Endocrinol Metab > Volume 31(2); 2016 > Article

Kim, Park, Hong, Shin, Kim, and Kim: Diagnostic Role of Captopril Challenge Test in Korean Subjects with High Aldosterone-to-Renin Ratios

Original Article

Clinical Study

Endocrinology and Metabolism 2016;31(2):277-283.

Published online: May 13, 2016

DOI: https://doi.org/10.3803/EnM.2016.31.2.277

Diagnostic Role of Captopril Challenge Test in Korean Subjects with High Aldosterone-to-Renin Ratios

Jung Hee Kim^1,^*, Kyeong Seon Park^1,^*, A Ram Hong¹, Chan Soo Shin¹, Seong Yeon Kim¹, Sang Wan Kim^1,²

¹Department of Internal Medicine, Seoul National University College of Medicine, Seoul, Korea.

²Department of Internal Medicine, Seoul Metropolitan Government Seoul National University Boramae Medical Center, Seoul National University College of Medicine, Seoul, Korea.

Corresponding author: Sang Wan Kim. Department of Internal Medicine, Seoul Metropolitan Government Seoul National University Boramae Medical Center, Seoul National University College of Medicine, 20 Boramae-ro 5-gil, Dongjak-gu, Seoul 07061, Korea.
Tel: +82-2-870-2223, Fax: +82-870-3863, swkimmd@snu.ac.kr

*These authors contributed equally to this work.

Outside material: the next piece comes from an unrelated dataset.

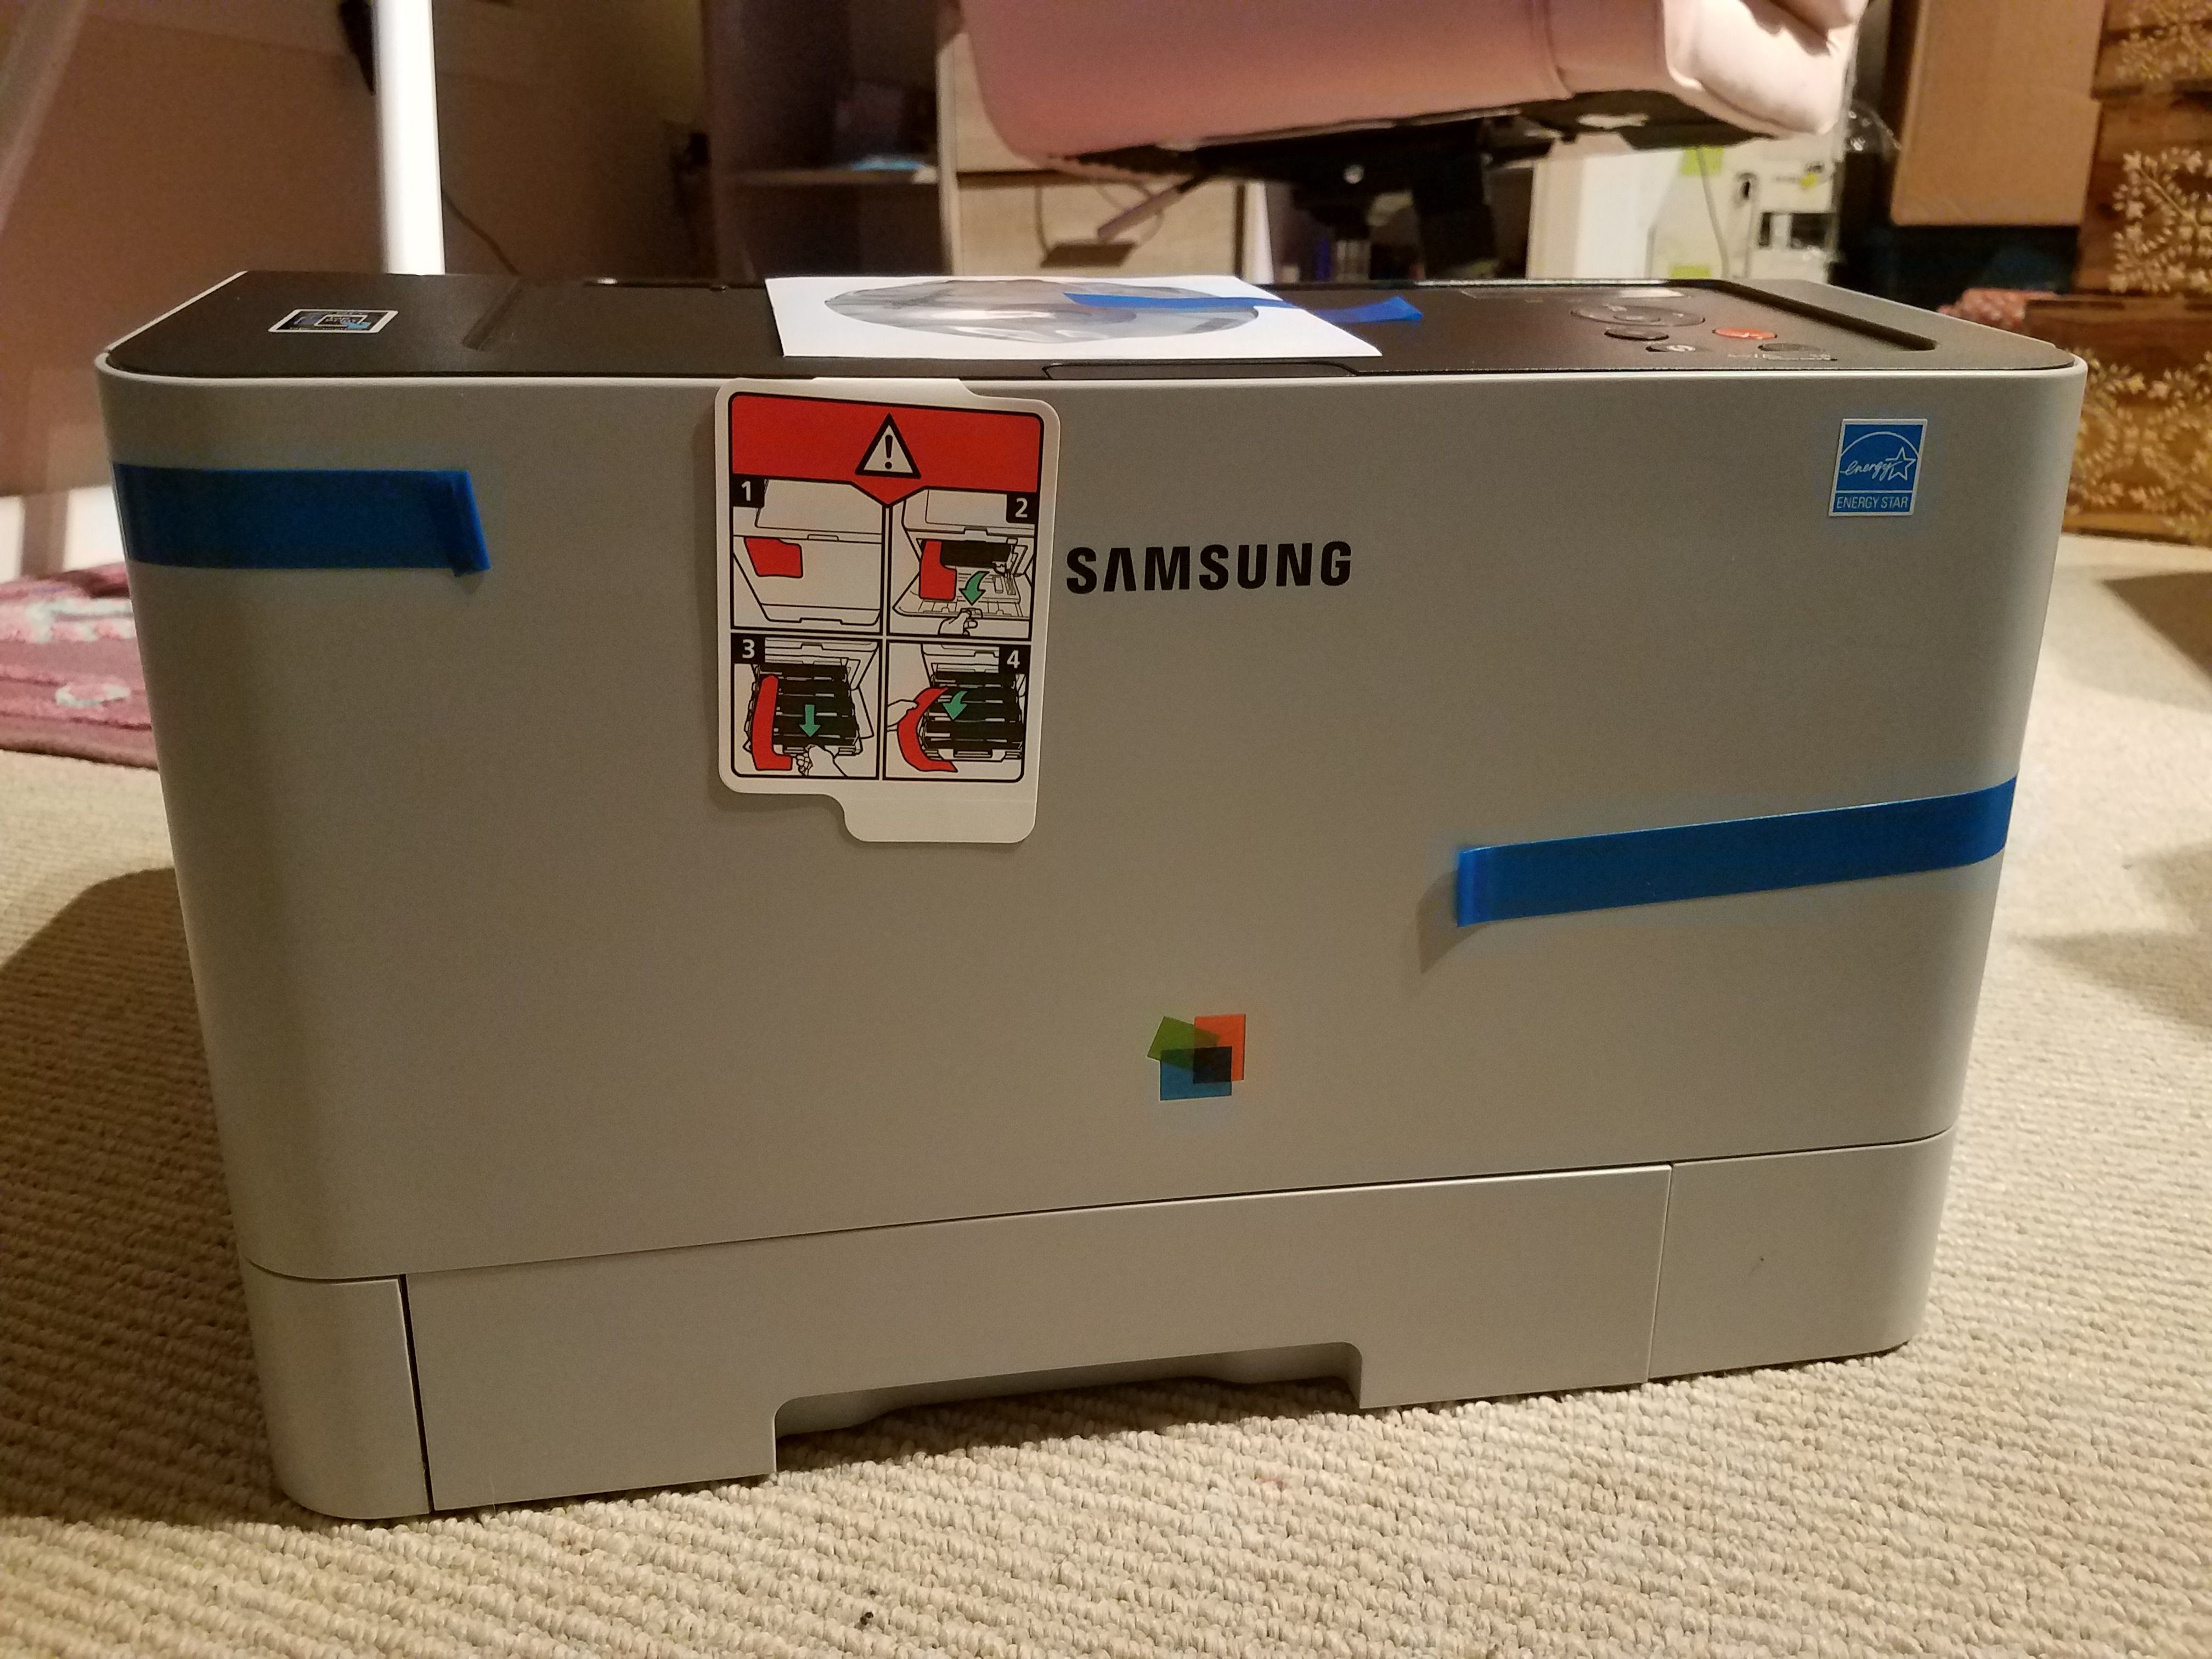 Samsung Printer Xpress C1810W

Received October 27, 2015 Revised December 15, 2015 Accepted January 05, 2016

This is an Open Access article distributed under the terms of the Creative Commons Attribution Non-Commercial License (http://creativecommons.org/licenses/by-nc/4.0/) which permits unrestricted non-commercial use, distribution, and reproduction in any medium, provided the original work is properly cited.

Abstract

Background

Diagnosis of primary aldosteronism (PA) begins with aldosterone-to-renin ratio (ARR) measurement followed by confirmative tests. However, the ARR has high false positive rates which led to unnecessary confirmatory tests. Captopril challenge test (CCT) has been used as one of confirmatory tests, but the accuracy of it in the diagnosis of PA is still controversial. We aimed to examine the clinical efficacy of CCT as a post-screening test in PA.

Methods

In a prospective study, we enrolled subjects with suspected PA who had hypertension and ARR >20 (ng/dL)/(ng/mL/hr). Sixty-four patients who underwent both the saline infusion test and the CCT were included.

Results

The diagnostic performance of plasma aldosterone concentration (PAC) post-CCT was greater than that of ARR post-CCT and ARR pre-CCT in PA (area under the curve=0.956, 0.797, and 0.748, respectively; P=0.001). A cut-off value of 13 ng/dL showed the highest diagnostic odds ratio considering PAC post-CCT at 60 and 90 minutes. A PAC post-CCT of 19 ng/dL had a specificity of 100%, which can be used as a cut-off value for the confirmative test. Determining the diagnostic performance of PAC post-CCT at 90 minutes was sufficient for PA diagnosis. Subjects with PAC post-CCT at 90 minutes <13 ng/dL are less likely to have PA, and those with PAC post-CCT at 90 minutes ≥13 but <19 ng/dL should undergo secondary confirmatory tests.

Conclusion

The CCT test may be a reliable post-screening test to avoid the hospitalization in the setting of falsely elevated ARR screening tests.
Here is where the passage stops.